Below are entries; repeat exactly, and nothing else, the lines from the one holding "Huawei AI Speaker 2 Image" through the one holding "FLY RACING Lite", inclusive. Leave the pictures out.

--- DATA SUPPLIED ---

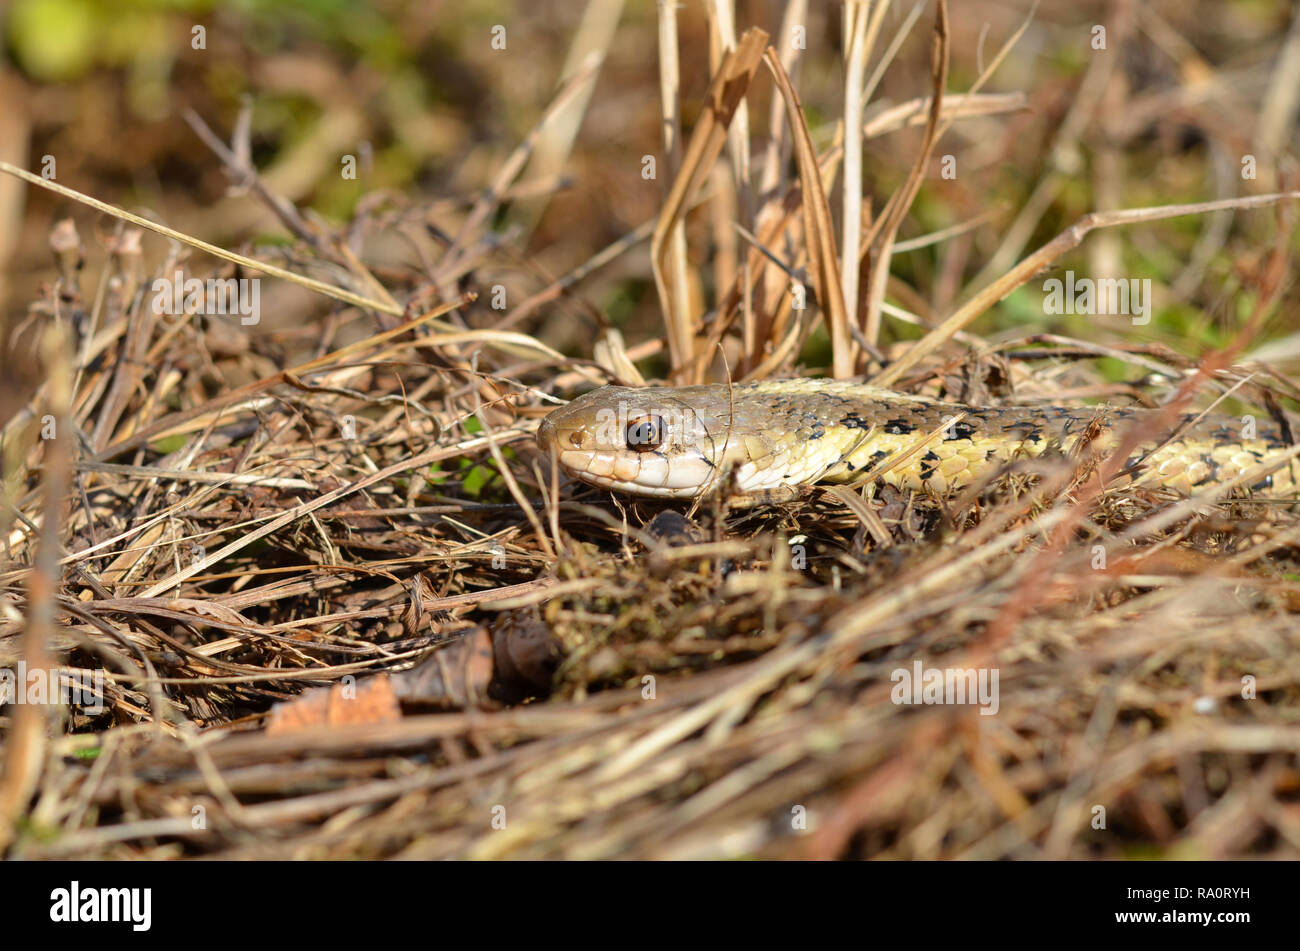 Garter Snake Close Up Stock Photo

---
--- DATA SUPPLIED ---

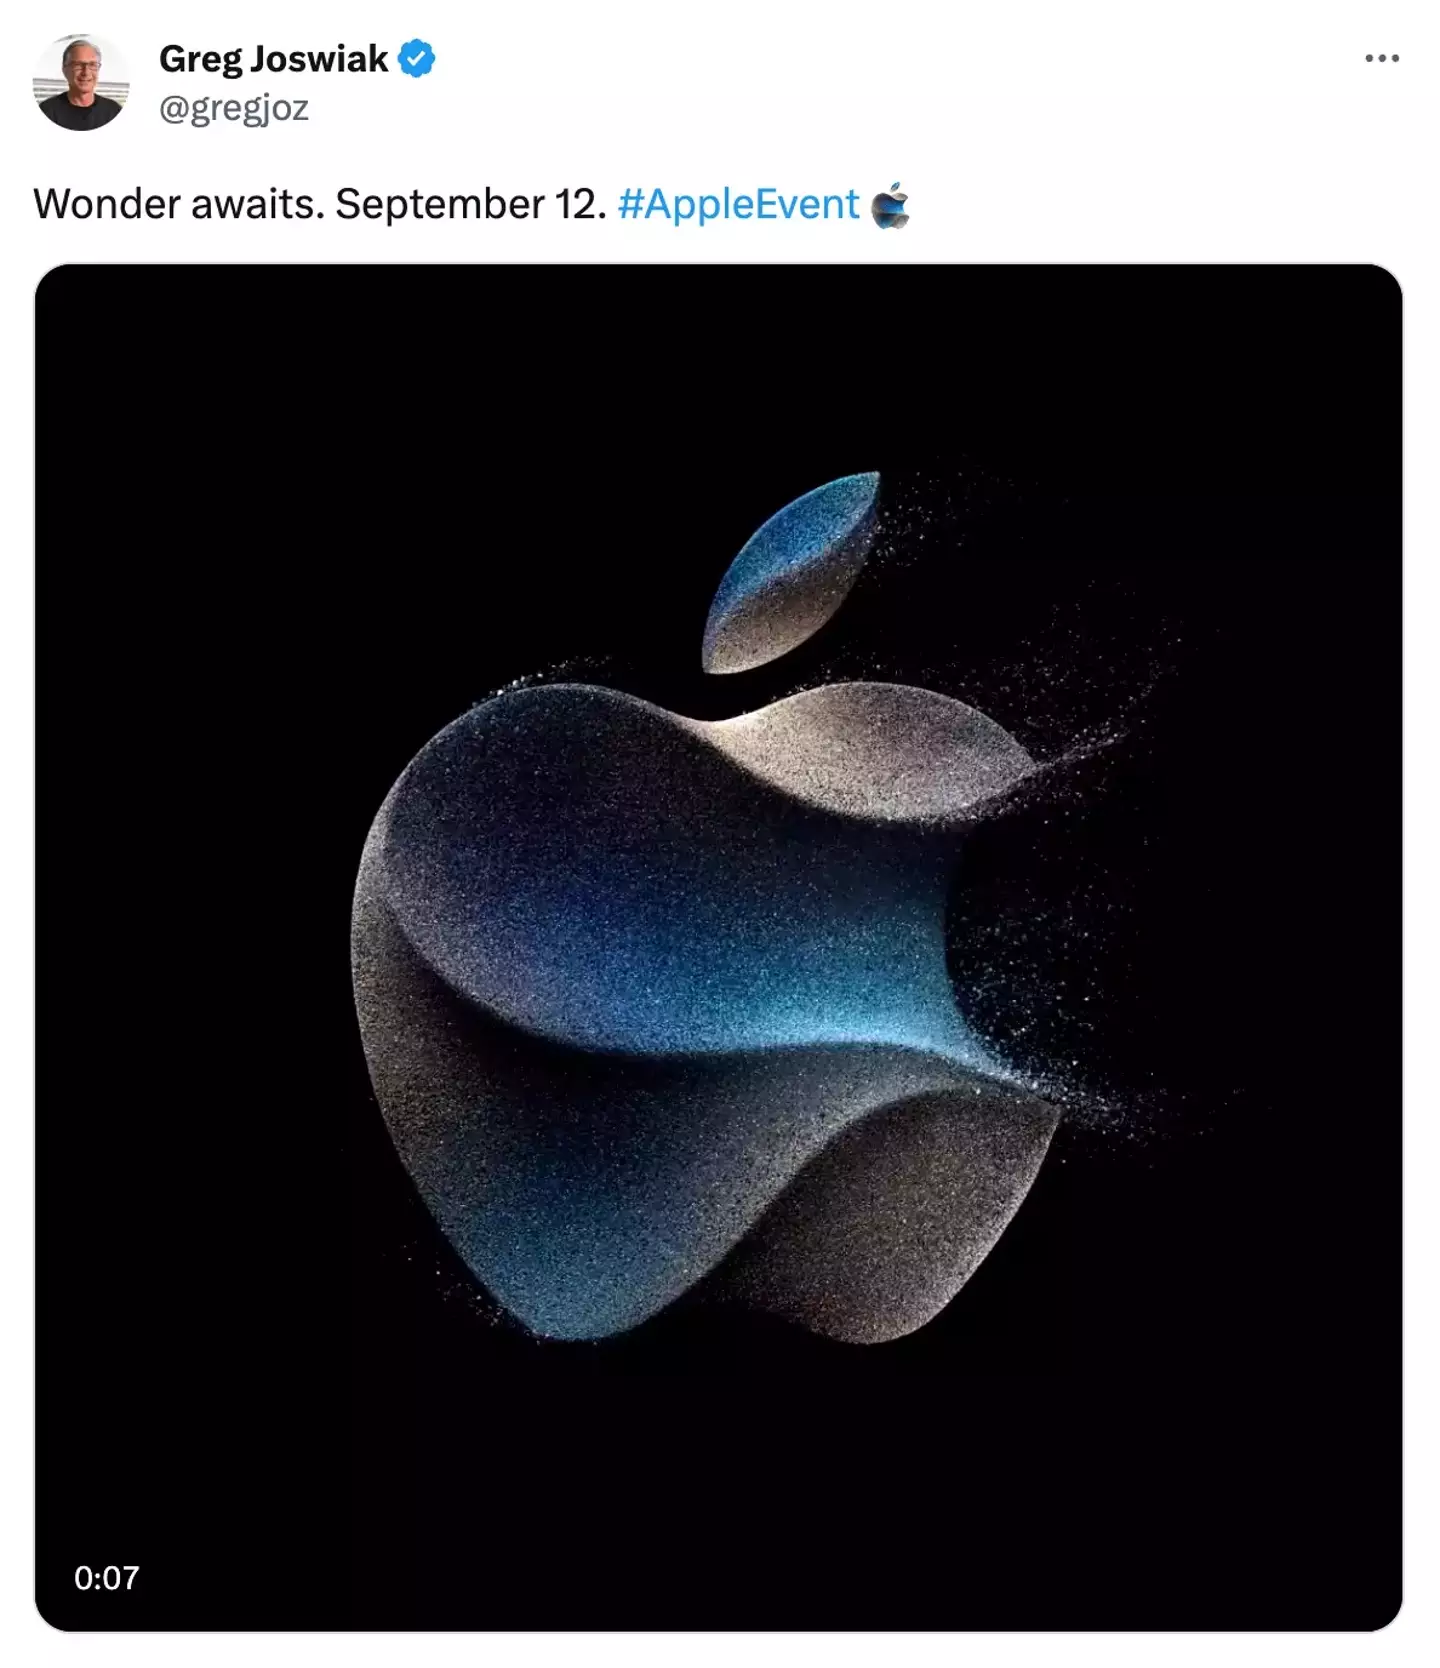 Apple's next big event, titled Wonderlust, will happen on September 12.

---
--- DATA SUPPLIED ---

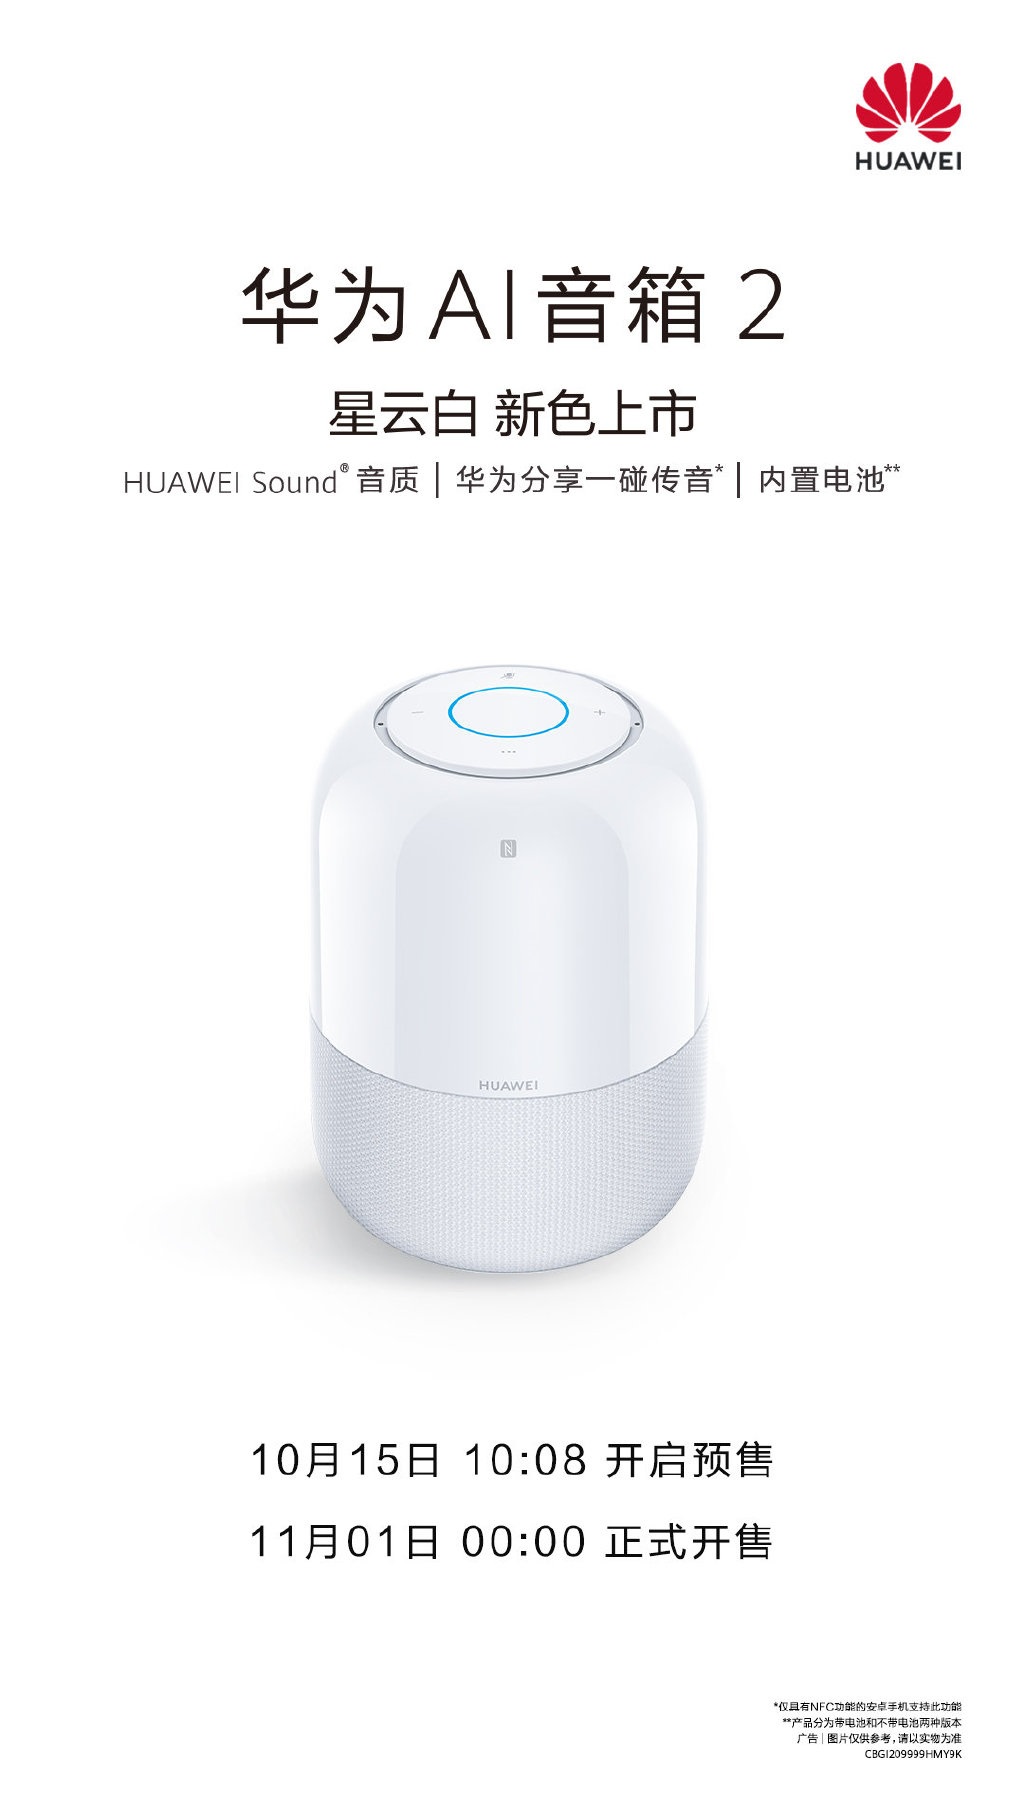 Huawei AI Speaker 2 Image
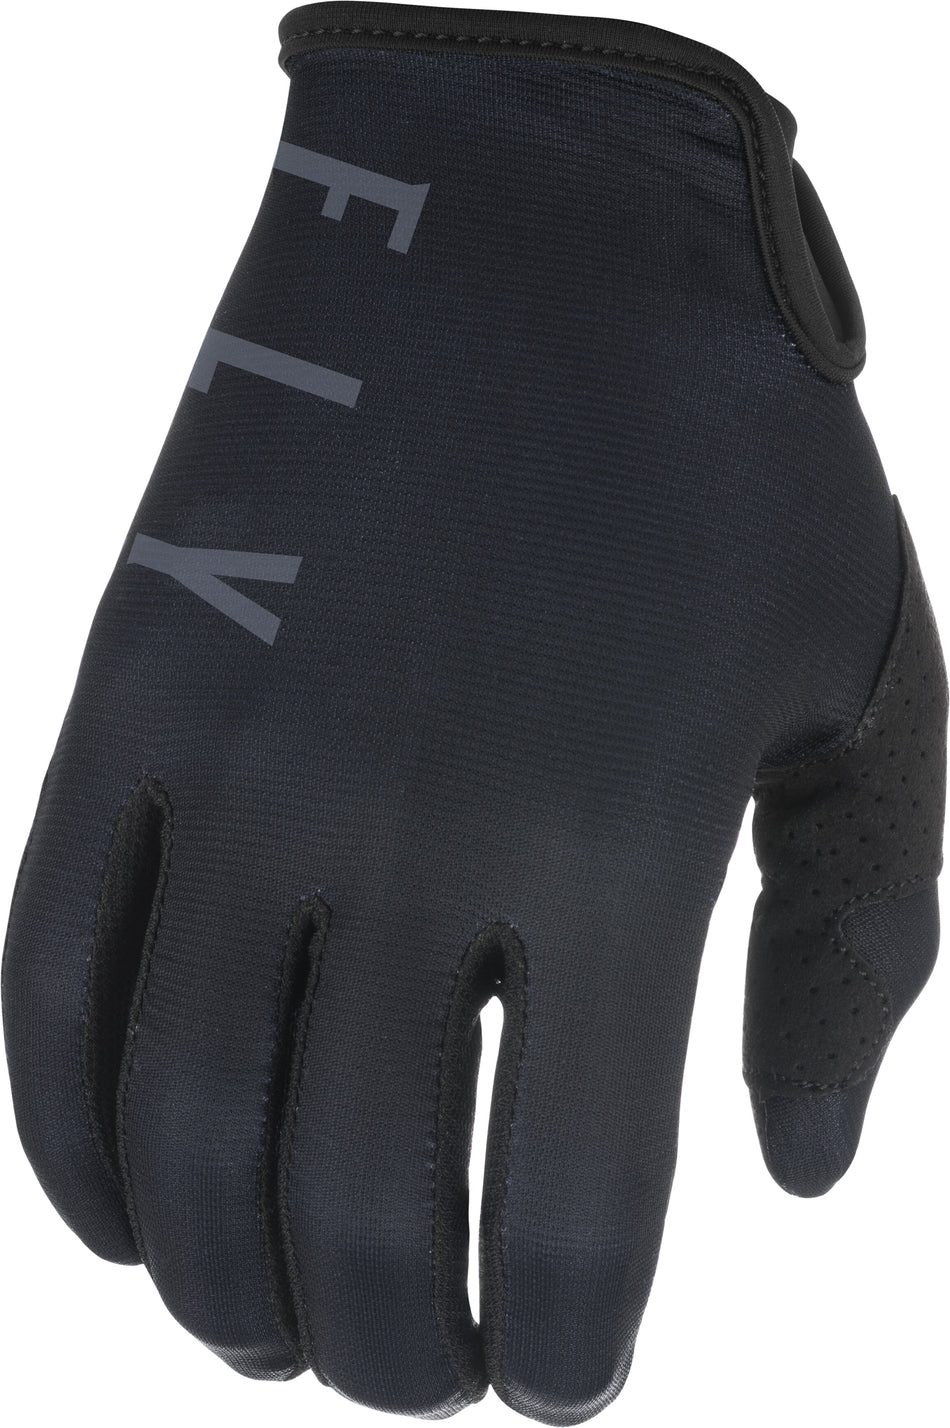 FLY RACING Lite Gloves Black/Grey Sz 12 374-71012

---

RESPONSE BELOW:
 Huawei AI Speaker 2 Image
 FLY RACING Lite Gloves Black/Grey Sz 12 374-71012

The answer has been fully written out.